Николаев отпил ещё чая и задумался. Крепко задумался.
— Тебе, верно, интересно, как я тебя нашёл? — Петрович добыл ещё одну сигарету. — Аввакум мне подсказал. Кто, говорит, твоей веры, всегда тебя заметит и в глаза посмотрит. А если сомневаешься, что это он, то пойди прочь, в другое место, и там он тебя непременно снова встретит. Потому что чувствуете, что одна вера у вас, что свои. Так и выходило.

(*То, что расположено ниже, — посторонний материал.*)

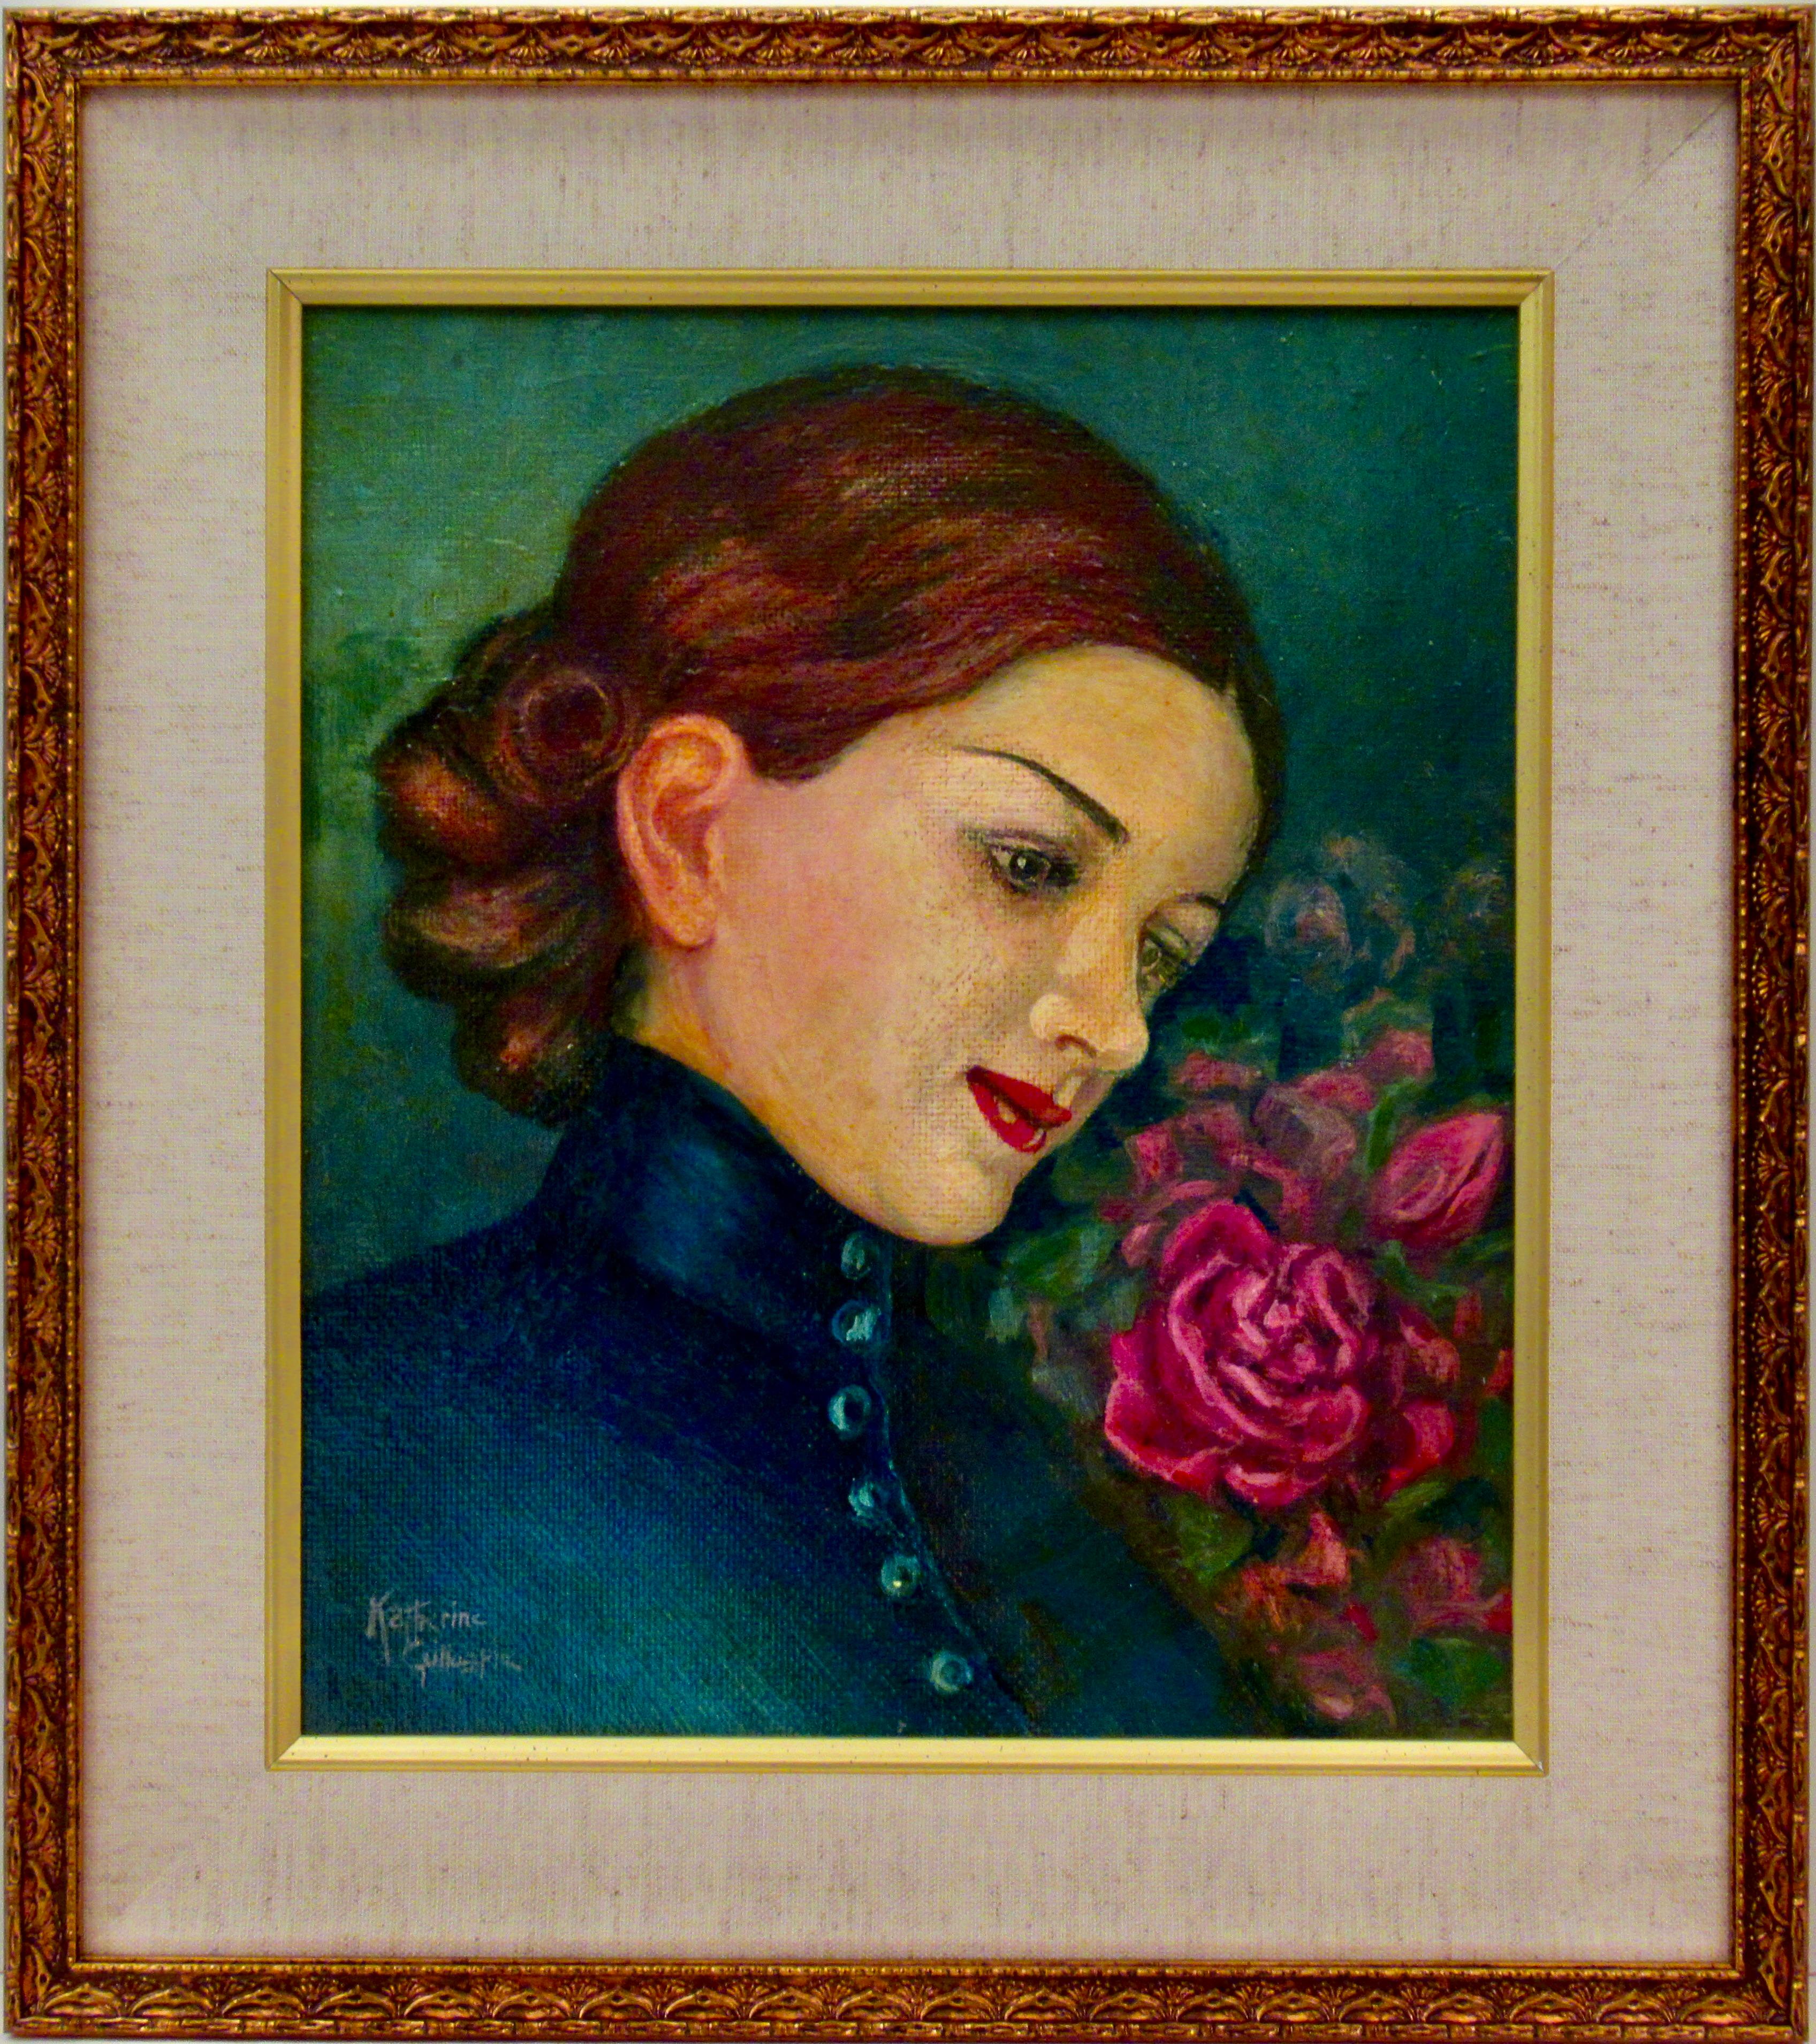 Katherine gillespie Figurative Painting - Woman with Roses

— А те, которые с нами не остались? Они той же веры были?
— Были, — согласился Петрович. — Но их вера не устояла. Когда конец света наступает, тут и видно, что ты за человек. Кто-то укрепляется в вере, кто-то отказывается от неё. Вот и всё. Когда начинается, у тебя полминуты, не больше, чтобы выжить в первый раз. И несколько попыток даётся — других спасти. Хотя бы одного. Если спас — значит, прошёл отбор. Так мы поняли.
— А я кого спас? — подумал вслух Николаев. — Кошку разве что.